In patients with hypernatremia and hypervolemia (increased total Na content in the body), the deficiency of free water can be compensated for by a 5% dextrose solution, which can be supplemented with a loop diuretic. However, too fast administration of a 5% dextrose solution can lead to glucosuria, increasing the excretion of water without salt and hypertonicity, especially in diabetes mellitus. KCI should be administered depending on the concentration of K in the plasma.

In patients with normovolemic hypernatremia, administration of a 5% dextrose solution or 0.45% saline solution is used.

Patients with hypovolemic hypernatremia, especially diabetic patients with a non-ketone hyperglycemic coma, can be given 0.45% saline solution as an alternative to a combination of 0.9% saline and 5% dextrose to restore the level of Na and water. In the presence of severe acidosis (pH> 7.10), a solution of NaHCO3 can be added to a 5% dextrose solution or a 0.45% saline solution, but the resulting solution should be hypotonic.

Treatment for hypernatremia is the administration of an adequate amount of water. To do this, calculate the current water shortage. Based on the position that normal water is 60% of body weight, the existing water deficit is calculated by the formula:

Water deficit = 0.6 x body weight (kg) x (1-140 / P _Na ),

Where P _Na  - sodium concentration in serum.

In the conditions of acutely developed hypernatraemia, the replenishment of water deficit should be carried out quickly in order to prevent the risk of cerebral edema due to the accumulation of sodium and highly osmotic organic substances in it. In this situation, with the introduction of water, it is possible to quickly displace sodium into the extracellular space.

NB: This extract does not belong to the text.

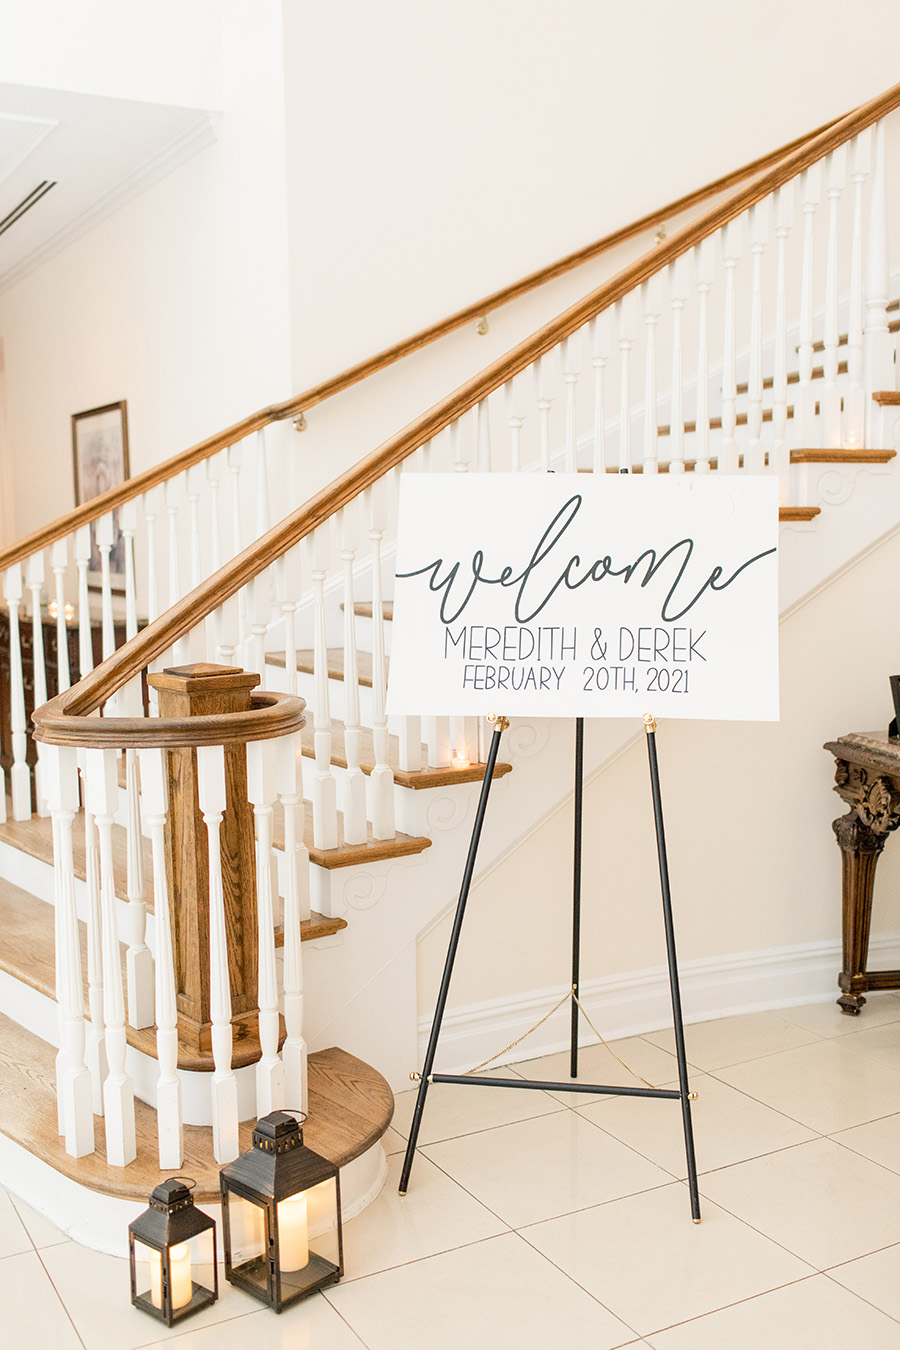 DIY welcome to our wedding sign

At the same time, in conditions of chronic hypernatraemia, the rapid introduction of fluid is dangerous and can lead to swelling of the brain. This is due to the fact that organic substances and electrolytes have already accumulated in the brain and it takes from 24 to 48 hours to remove them. In the presence of clinical symptoms of chronic hypernatraemia, the doctor’s tactics consist in the initial rapid introduction of such a volume of fluid so that the concentration of sodium decreases by no more than 1-2 mmol / (lh). After the disappearance of the clinical symptoms of hypernatremia, the remaining water deficit is replenished within 24-48 hours. Treatment of hypernatremia should be combined with constant and careful monitoring of the patient's neurological status. The deterioration after a period of acute fluid injection may indicate the development of cerebral edema, which requires an urgent termination of the procedure.

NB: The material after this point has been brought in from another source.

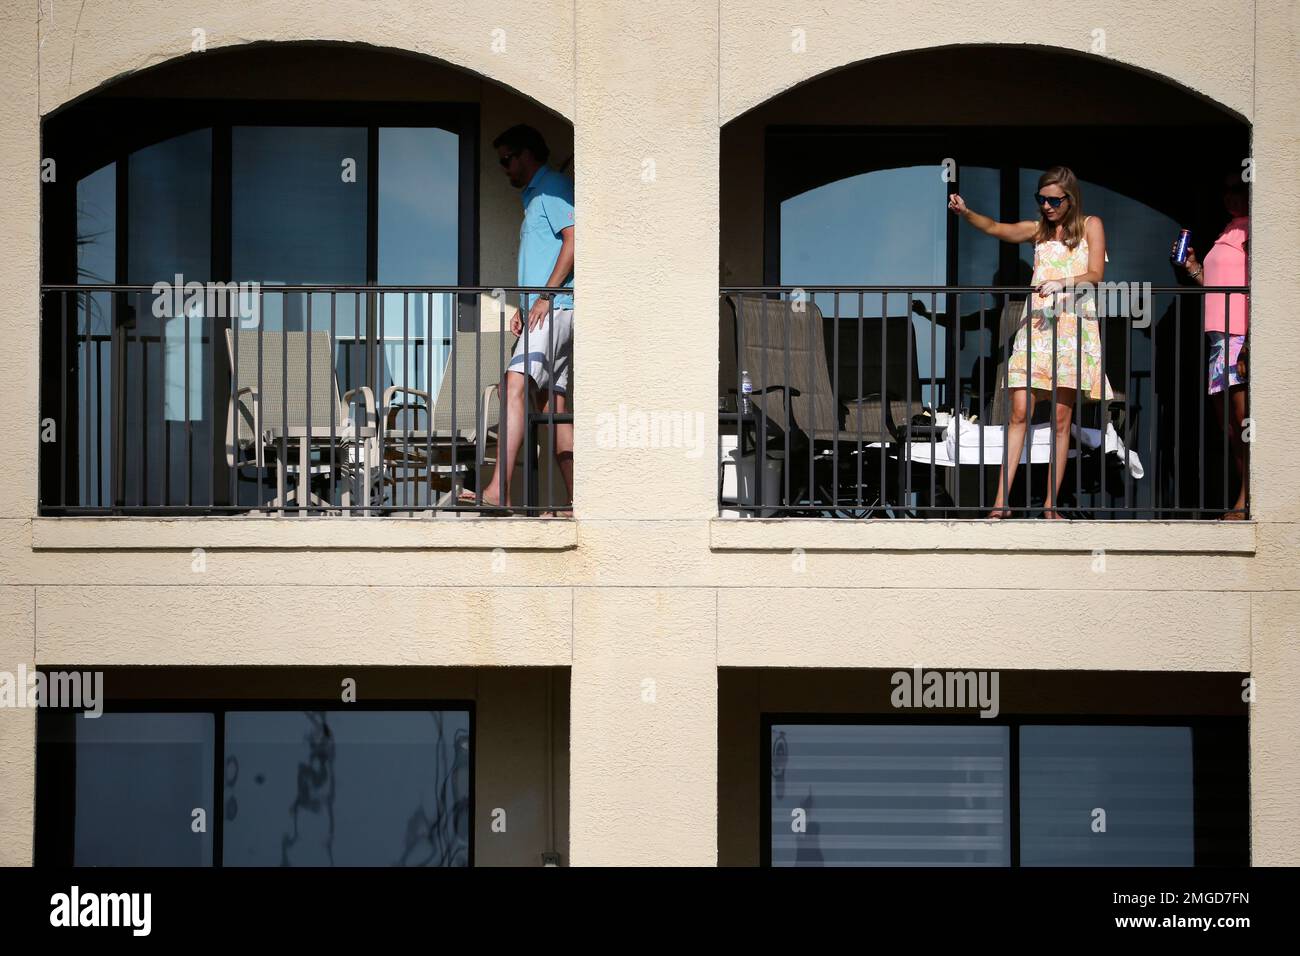 A few fans watch from a balcony overlooking the 18th hole during the final round of the RBC Heritage golf tournament, Sunday, June 21, 2020, in Hilton Head Island, S.C

Methods for administering water to patients are different - from ingestion to administration through a nasogastric tube or intravenously. For intravenous administration, it is better to use a hypotonic solution of sodium chloride or 5% dextrose solution. Clean water cannot be injected because of the risk of hemolysis. When prescribing solutions containing glucose, the calculated dose of insulin is simultaneously used.